While Spencer told PC Gamer that PC gaming is now much more important to Microsoft than it was in the past, his explanation of what’s changed between the old Games for Windows days and the modern era could raise flags for some:
“The key difference now is that the Xbox team is driving the Windows and console gaming efforts as one connected ecosystem,” Spencer said. “Games and gaming is front and center in our device and service strategy at Microsoft. I can tell you definitively that our team has never committed more resources to making Windows better for game developers and gamers, and that means any gamer on Windows 10, regardless of storefront or device.”

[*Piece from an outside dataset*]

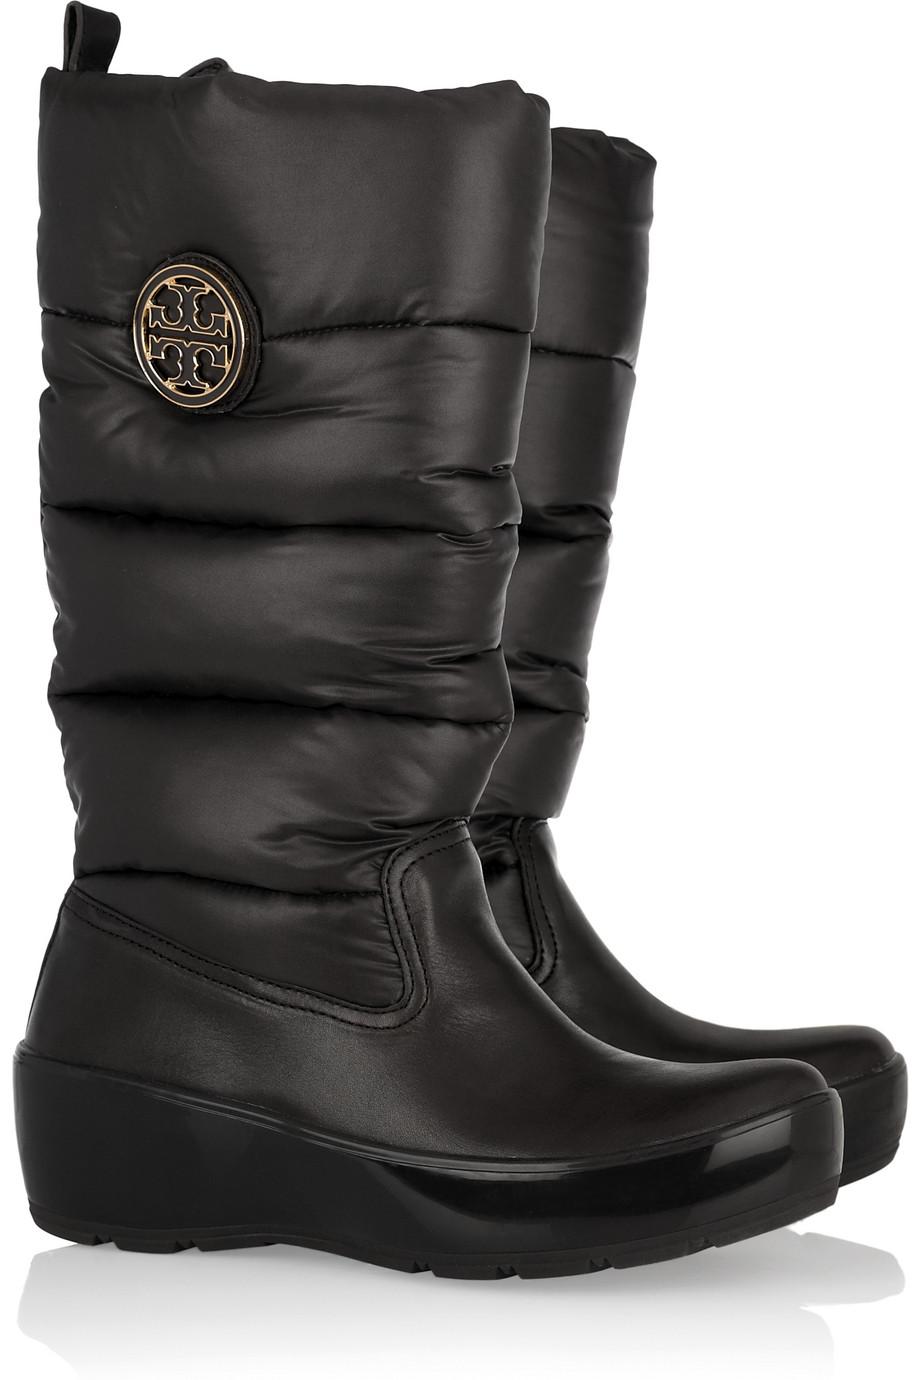 5bc67e66f21 Tory Burch Puffer Boots in Black - Lyst
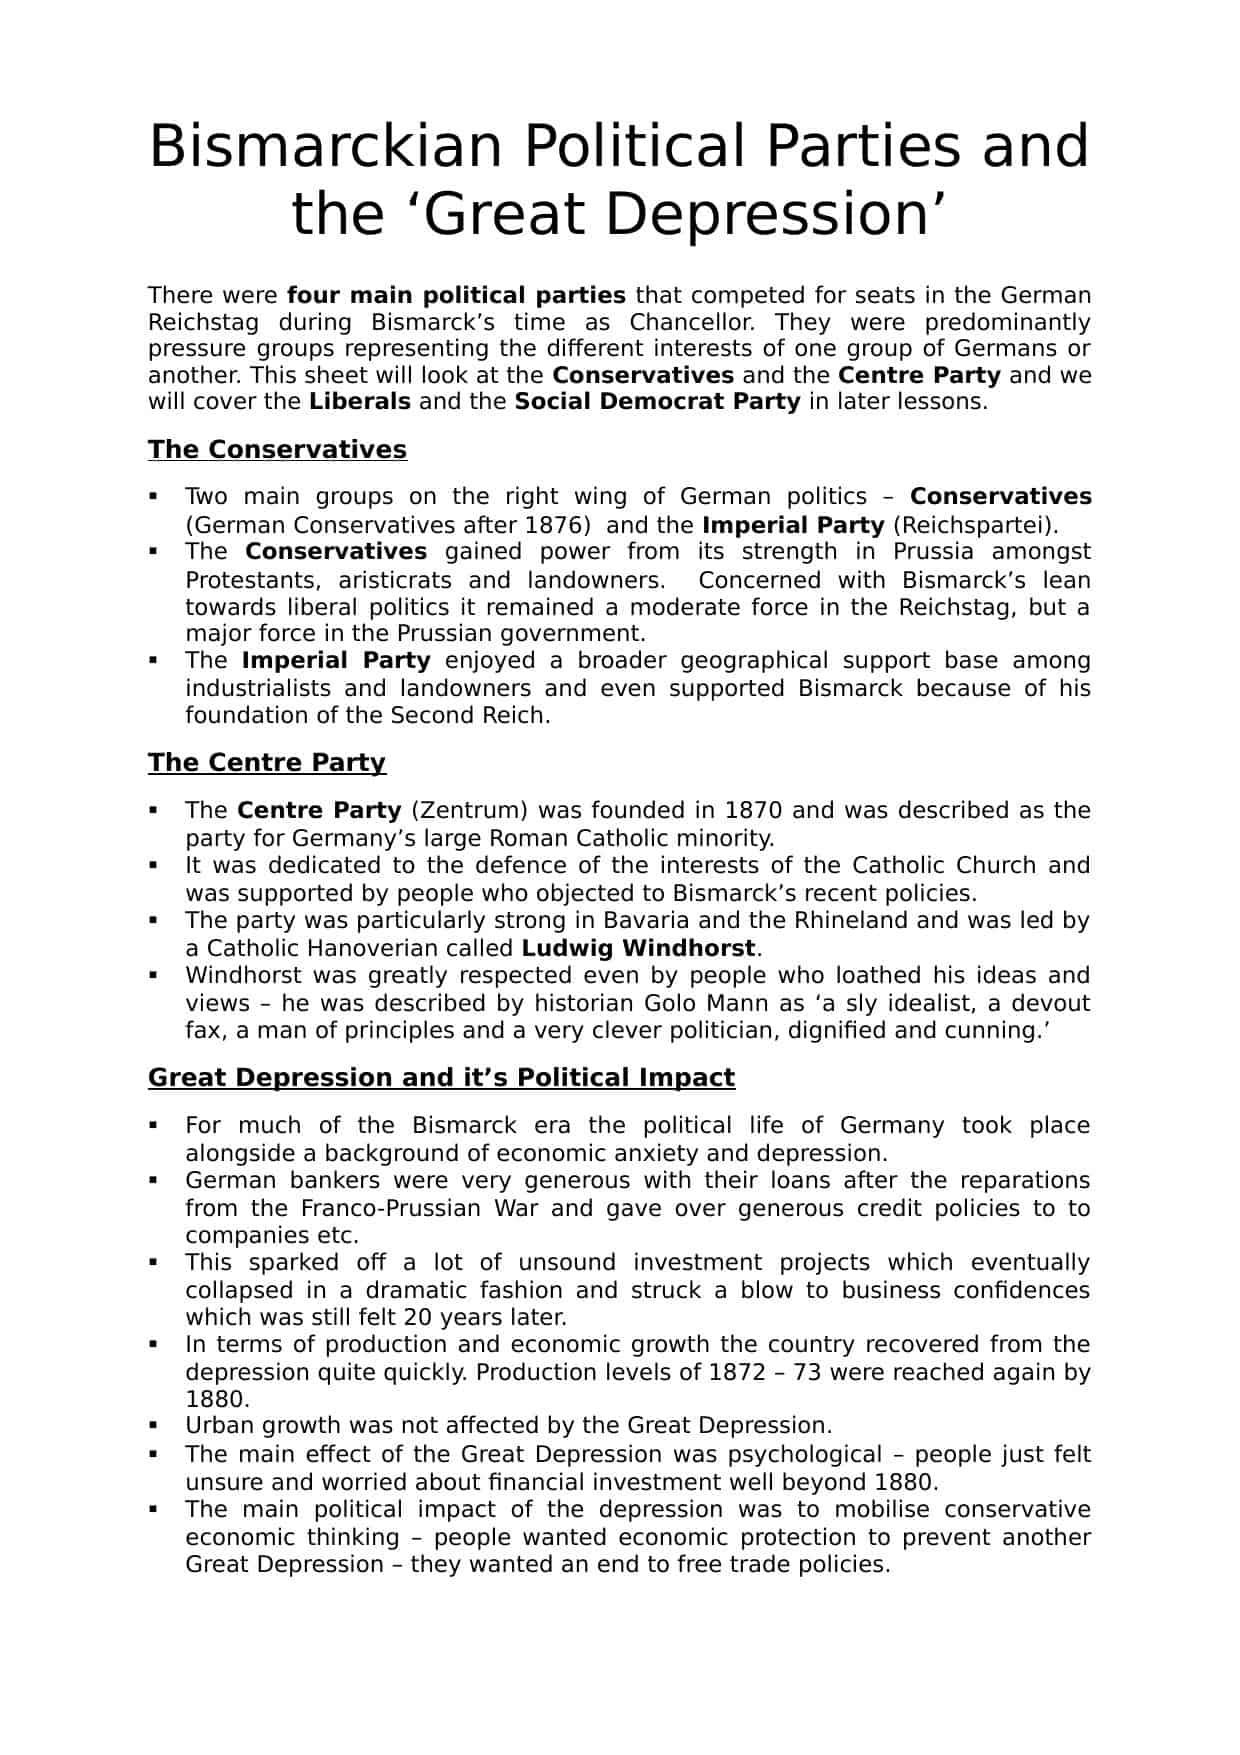 Worksheet On Political Parties

While Xbox One integration and cross-platform play could be great for both console and PC gaming, hearing that Xbox is driving the PC gaming bus isn’t necessarily good news. On the one hand, the Xbox One is a PC for all intents and purposes. In previous generations, the gaps between consoles and PCs were firmly rooted in both hardware and software, the first Xbox notwithstanding. Today, the Xbox One is a PC — albeit a PC with some specialized internal components and a low-level OS variant based on Windows 8. There’s no reason why Microsoft can’t merge many aspects of gaming and content sharing across platforms to the betterment of both. Spencer, for example, leaves open the idea of bringing Xbox One exclusives over to Windows 10 and promoting both platforms simultaneously.
What’s going to be trickier, however, is offering PC gamers features that take advantage of the fact that a game is running on a PC. Many of the top-tier releases of the past few years that debuted for both platforms have UIs and interfaces clearly designed for console gamers first. Games like Skyrim are designed for low-information user interfaces that are murder to sort through or work with. Games designed to be played with a monitor at a distance of 2-4 feet have different guidelines and rules than titles designed for televisions at a distance of 6-8 feet. That doesn’t make one “better” than the other — but PC gamers are going to be watching Microsoft to see if the company actually uses its efforts to improve gaming on both platforms, or if it expects PC gamers to roll over and make nice with Xbox.